Recently we have moved our code base from SVN to Git.
But in git, we are facing an issue regarding 'file name too long'.
I would like to know: What is the maximum characters of a file name including the path supported by git?
Recently we have moved our code base from SVN to Git.
But in git, we are facing an issue regarding 'file name too long'.
I would like to know: What is the maximum characters of a file name including the path supported by git?
Git itself has some hardcoded limits on path name length using the compile-time constant PATH_MAX
.1 This is typically 1024 or 4096 on a lot of systems. Consult the POSIX headers for the build machine used to build your particular Git binary. Some Windows builds apparently set this number to 260, even though many Windows systems can handle longer paths in various ways (see Filename too long in Git for Windows).
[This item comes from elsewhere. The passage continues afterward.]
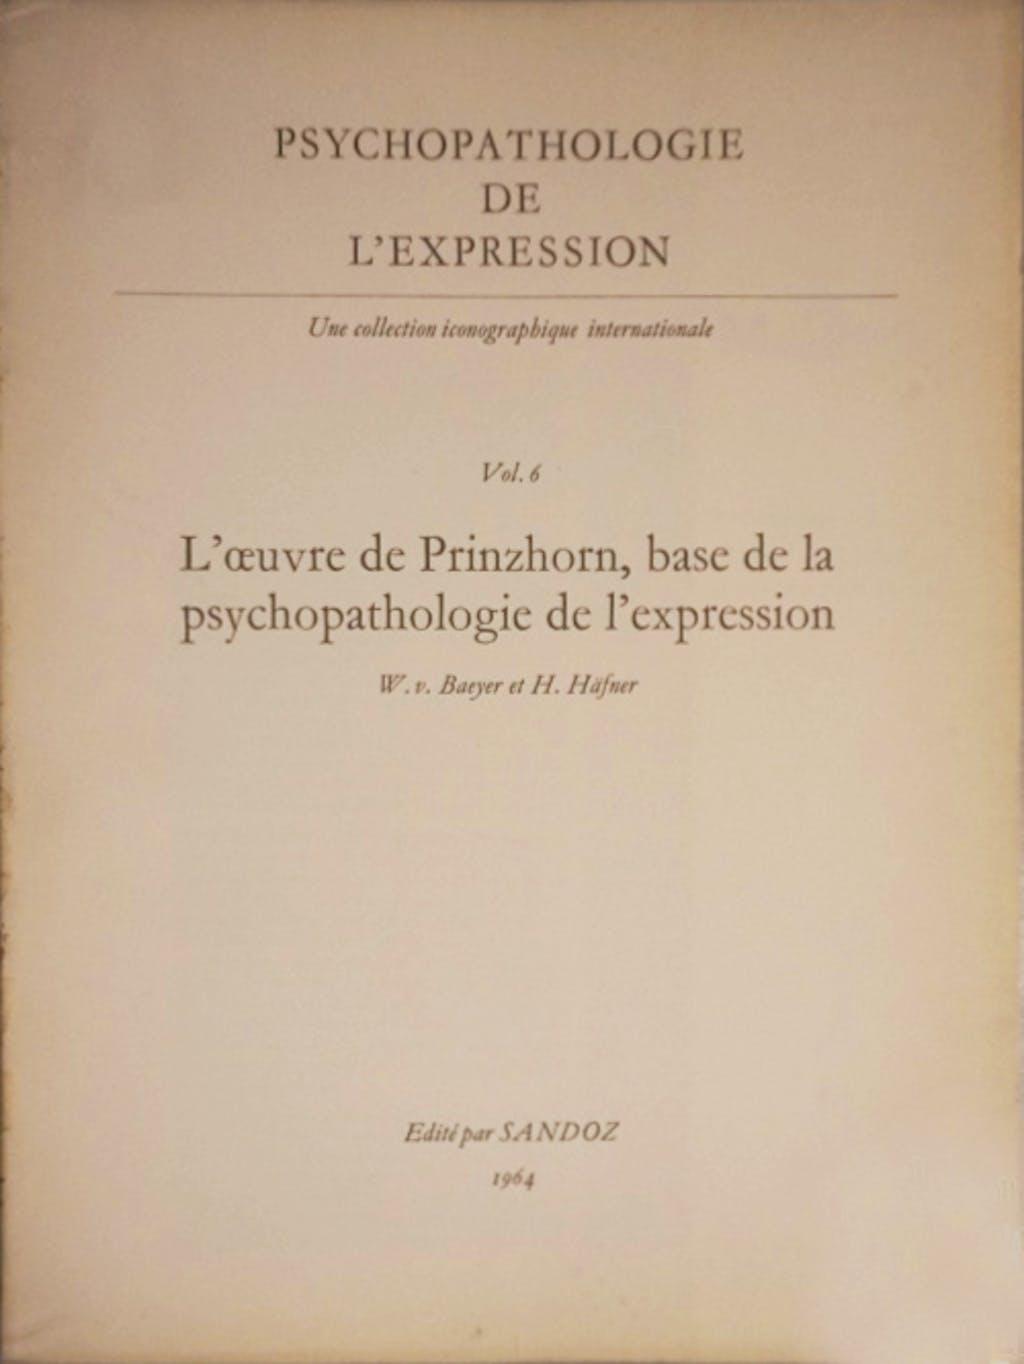 Psychopathologie de l'expression n°6 - © christian berst — art brut

Your OS is another matter entirely. Many OSes and/or file systems place relatively short limits (e.g., 14, 63, or 255 characters) on path name components—the components are the part that goes between slashes and after the last slash (or whatever component-character your OS uses)—and some have very short limits on the whole path, despite having a PATH_MAX
of 1024 or more.
1This constant is misleading, and using it is not particularly wise. POSIX also provides a runtime call to get a maximum (see _POSIX_* (limits.h) vs _SC_* (sysconf)), which may return a different number, and which is also still misleading as the actual limit, if there is one at all, may be per-file-system. It would be best if Git just dynamically allocated paths as needed, in these places in the source. See https://eklitzke.org/path-max-is-tricky for some additional background.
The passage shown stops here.